Data supplied
━━━━━━━━━━━━━━━━━━━━
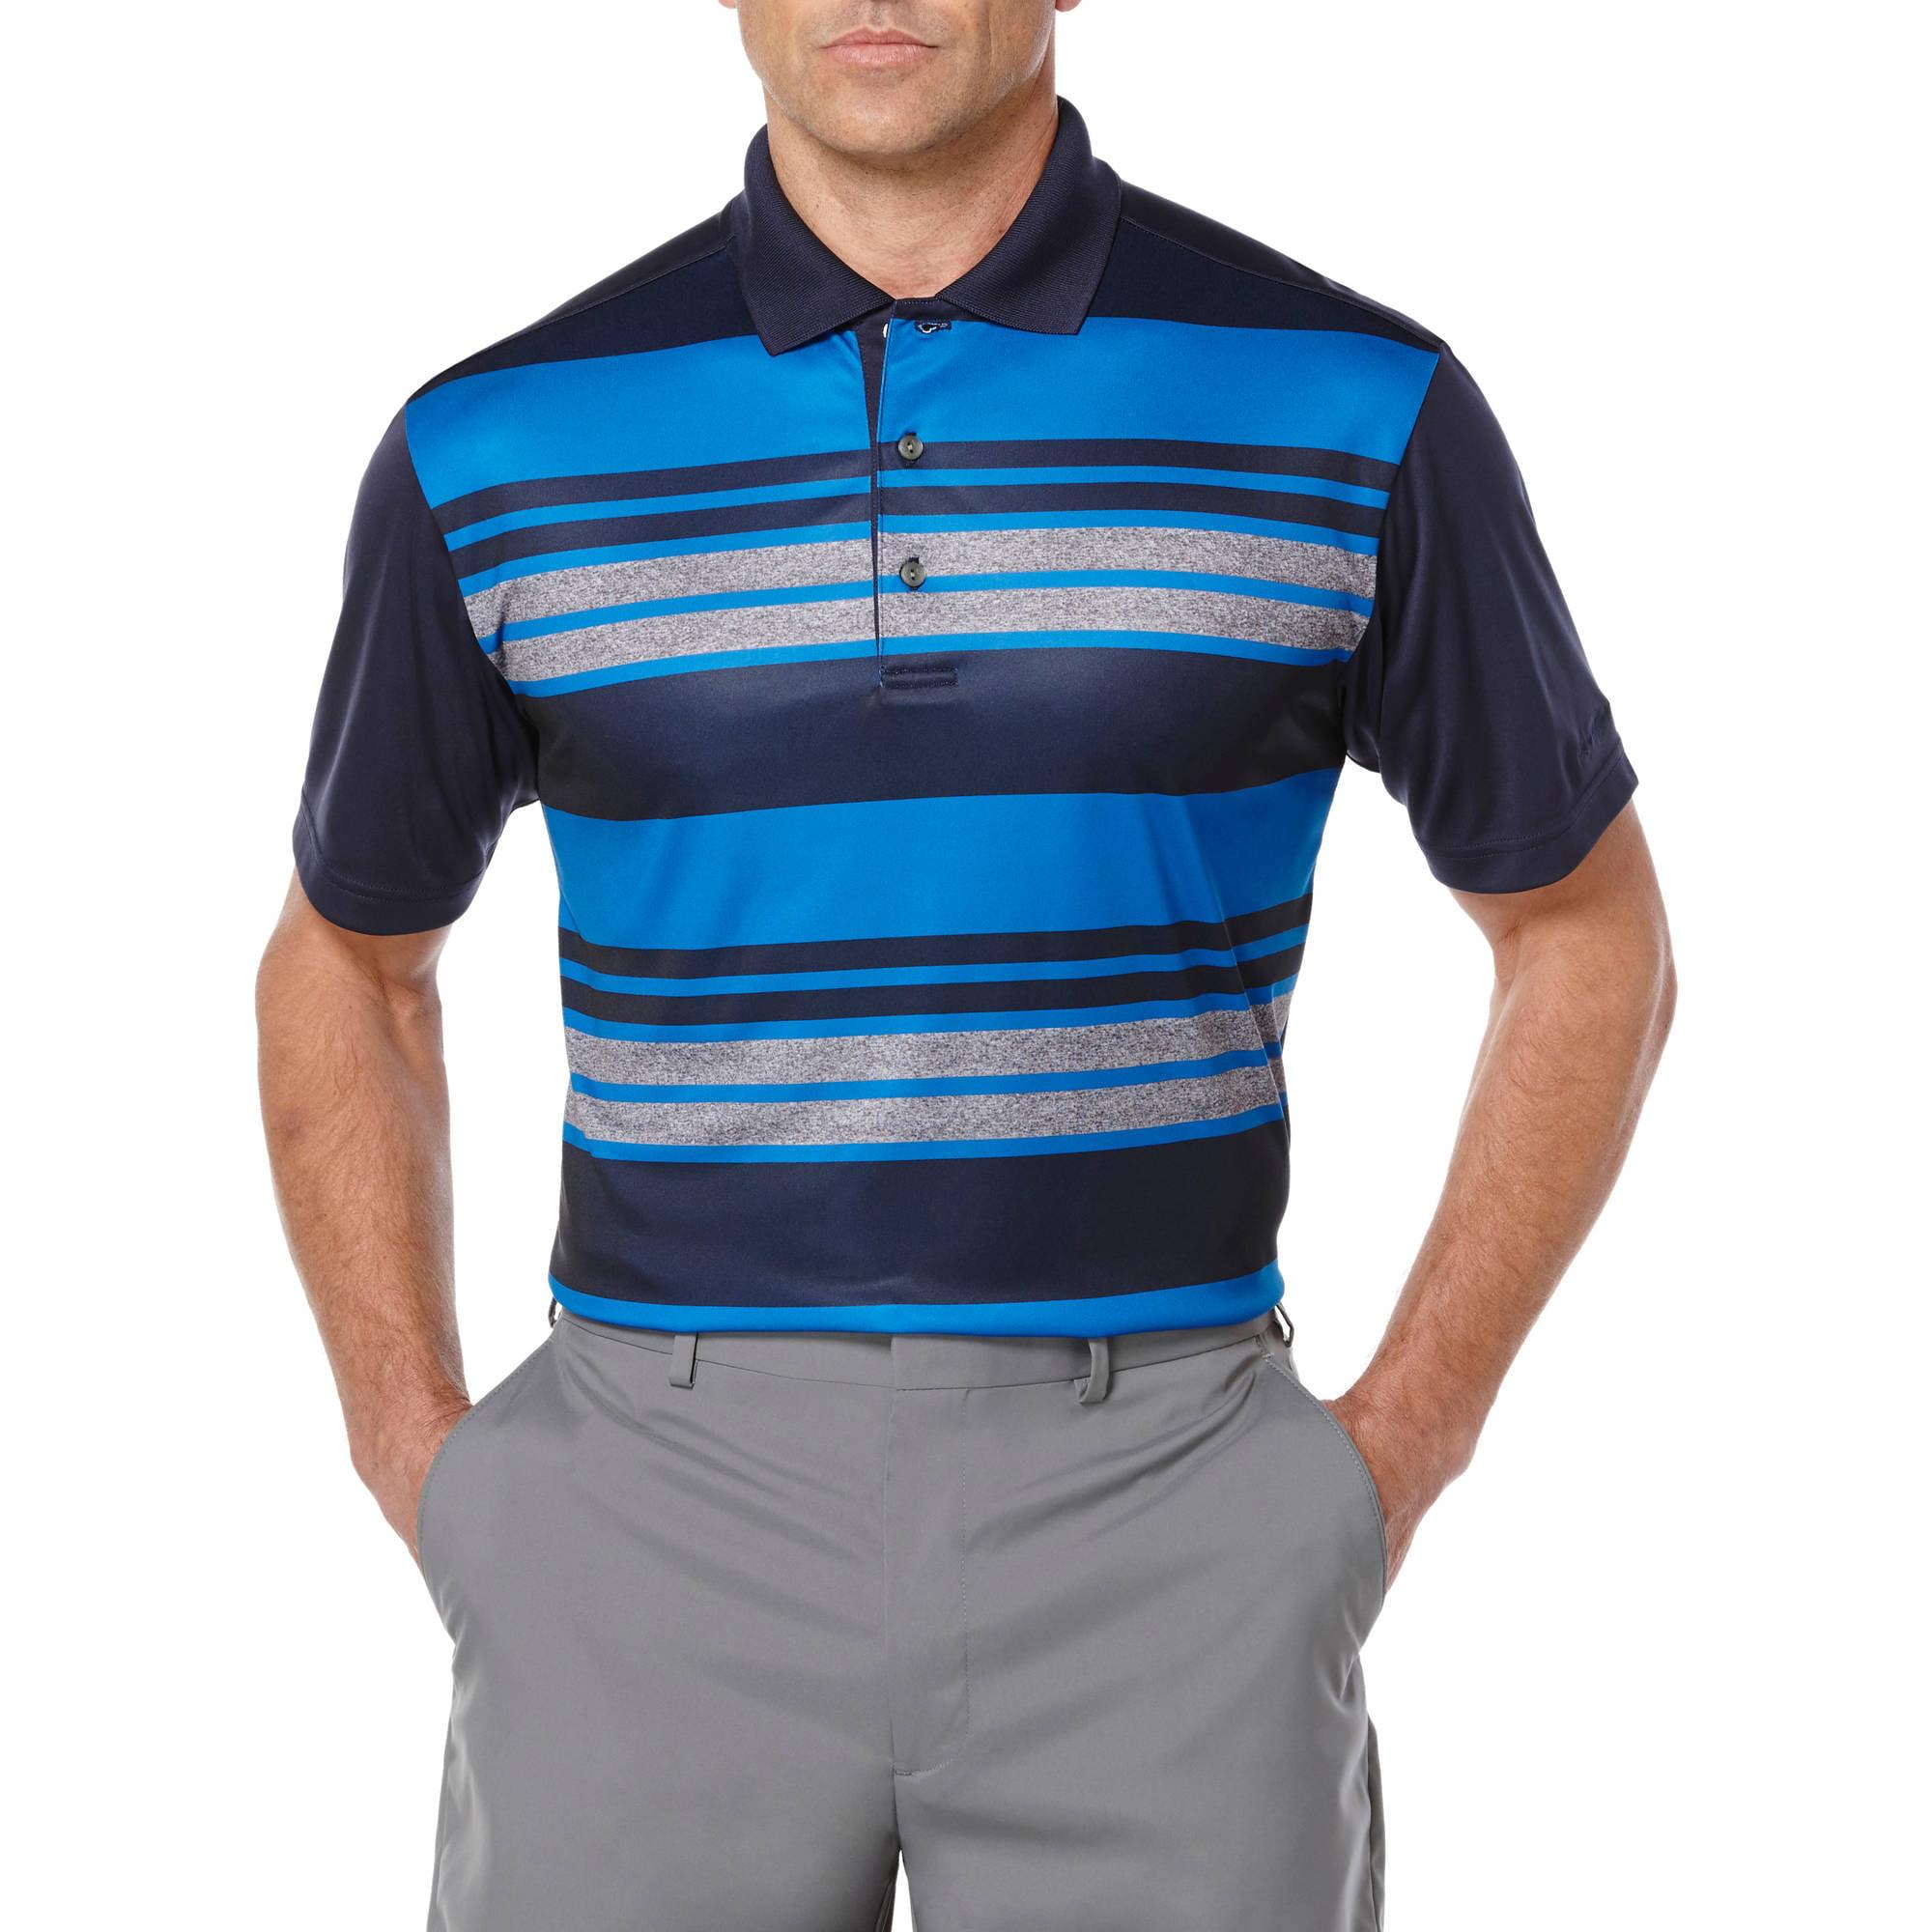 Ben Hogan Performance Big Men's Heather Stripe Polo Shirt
━━━━━━━━━━━━━━━━━━━━
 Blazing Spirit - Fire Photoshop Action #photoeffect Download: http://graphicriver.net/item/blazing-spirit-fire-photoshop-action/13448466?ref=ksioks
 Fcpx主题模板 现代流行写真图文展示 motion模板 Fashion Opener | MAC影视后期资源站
━━━━━━━━━━━━━━━━━━━━
In the entries above, the lines from the one bearing "Blazing Spirit - Fire" up to and including the one bearing "Fcpx主题模板 现代流行写真图文展示 motion模板" should be transcribed exactly; no other line is wanted.

 Blazing Spirit - Fire Photoshop Action #photoeffect Download: http://graphicriver.net/item/blazing-spirit-fire-photoshop-action/13448466?ref=ksioks
 Fcpx主题模板 现代流行写真图文展示 motion模板 Fashion Opener | MAC影视后期资源站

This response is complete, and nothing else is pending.